Eu e Kokimoto estavámos falando do quanto a Marcelina estava apaixonada pelo Jorge e ele ria, então decidimos aprontar com alguém, em breve saberão. Então vi Alicia me olhar de longe e sorri e ela retribuiu o sorriso, a Juliê chega do nada me encostando na parede e encostando o corpo dela ao meu.
- O que se quer? — perguntei grosso.
- Você bebê — ela disse aproximando seus lábios dos meus e eu virei o rosto e ela me deu um beijo na bochecha. Então me soltei dela e fiquei do lado do Kokimoto.
- Endoidou? Já disse que não quero beijar você — eu disse. E Margarida chegou do nada e saiu me puxando pra um banco perto de onde Alicia estava, eu olhava Alicia de longe e ela me via e sorria de lado, então senti um belisco de Margarida — O que é garota?
- Me beija Paulo, amei o seu beijo no parque de diversões — ela disse
- Caralho você, Juliê e as amiguinhas dela não querem me deixar em paz não? Já disse que não quero beijar ninguém, MAIS QUE SACO — eu disse a deixando sozinha. Então senti mãos em meus olhos tampando.

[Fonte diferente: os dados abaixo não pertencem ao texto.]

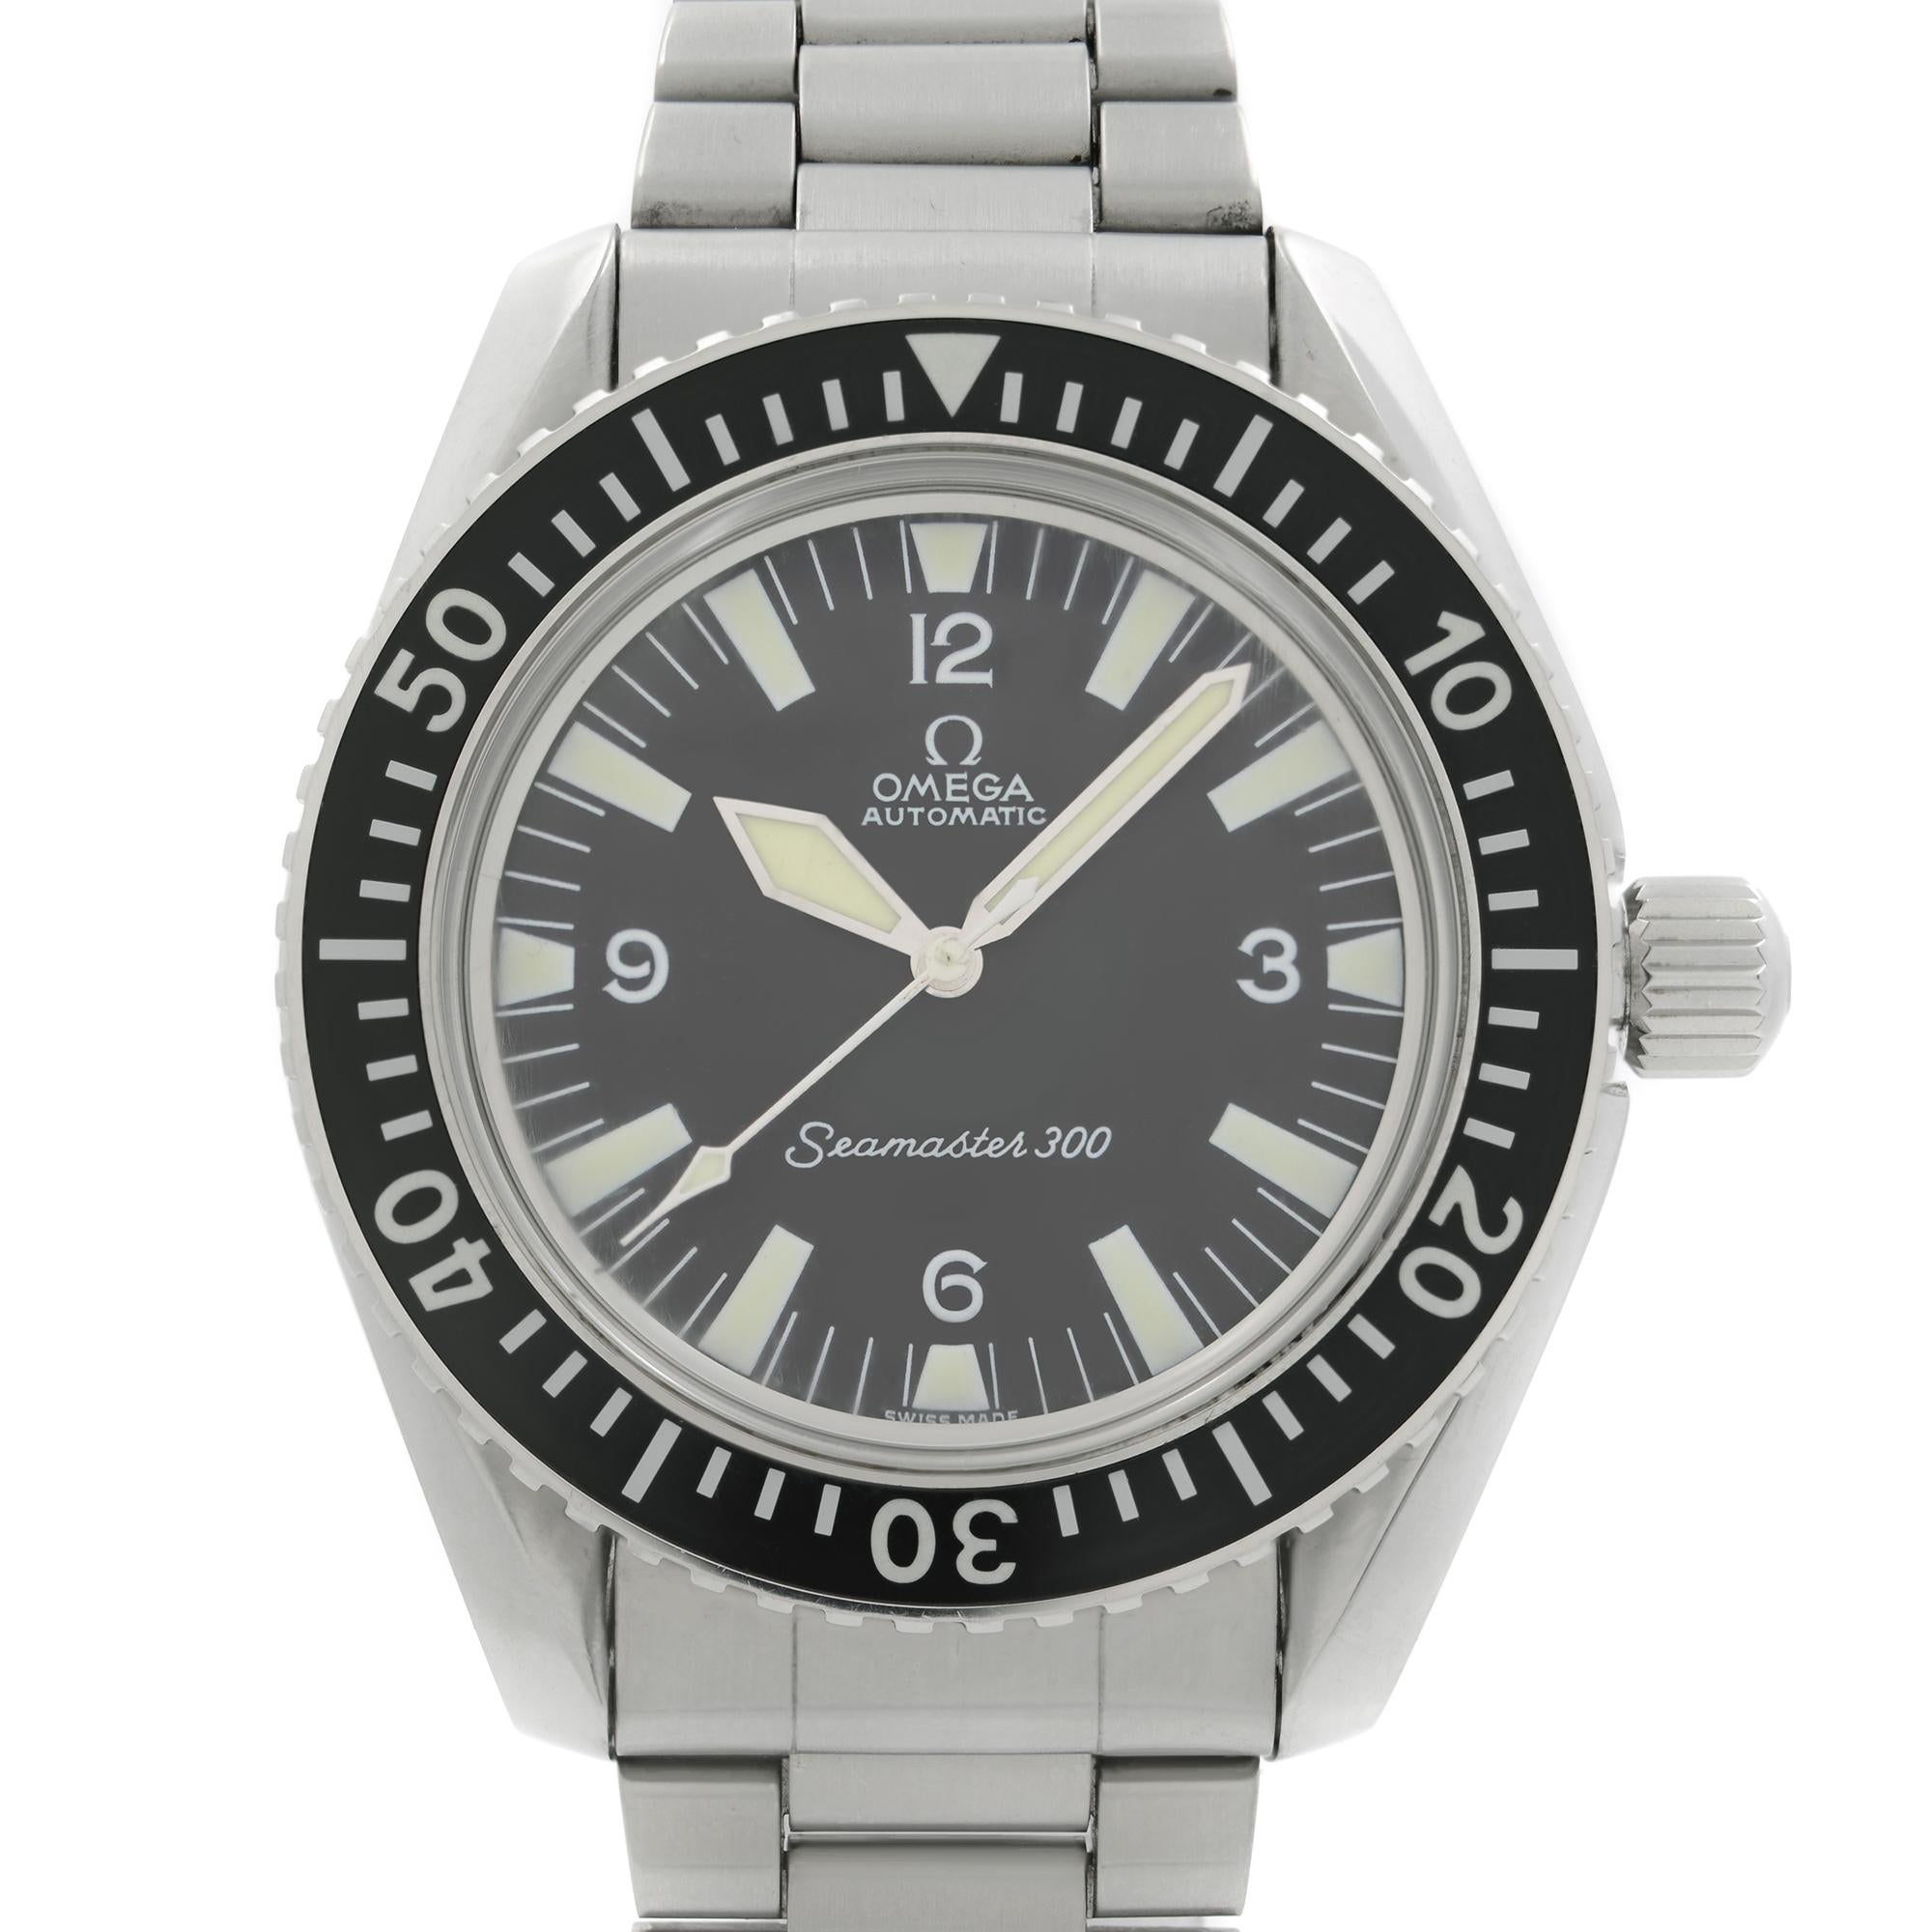 Pre-owned Vintage Omega Seamaster Stainless Steel Black Dial Automatic Mens Watch. Aftermarket Stainless Steel Band. The Black Bezel Insert and the Crystal Shows Minor Scratches. This Beautiful Timepiece is a Bonafide Diver's Watch with Ties to

- Adivinha — era uma voz enjoada, Marcelina.
- Marce — eu disse
- Acertou — ela disse aparecendo na minha frente — Vou ser rápida. Alicia tá gostando de você e se você contar pra ela que eu te contei se tá ferrado maninho — ela disse saindo andando com Alicia pra sala já que bateu o sinal. Alicia estava gostando de mim? Quando escutei essas palavras saírem da boca de Marcelina, meu coração foi a mil. Era estranha a sensação, mas fiquei feliz de saber que Alicia estava gostando de mim.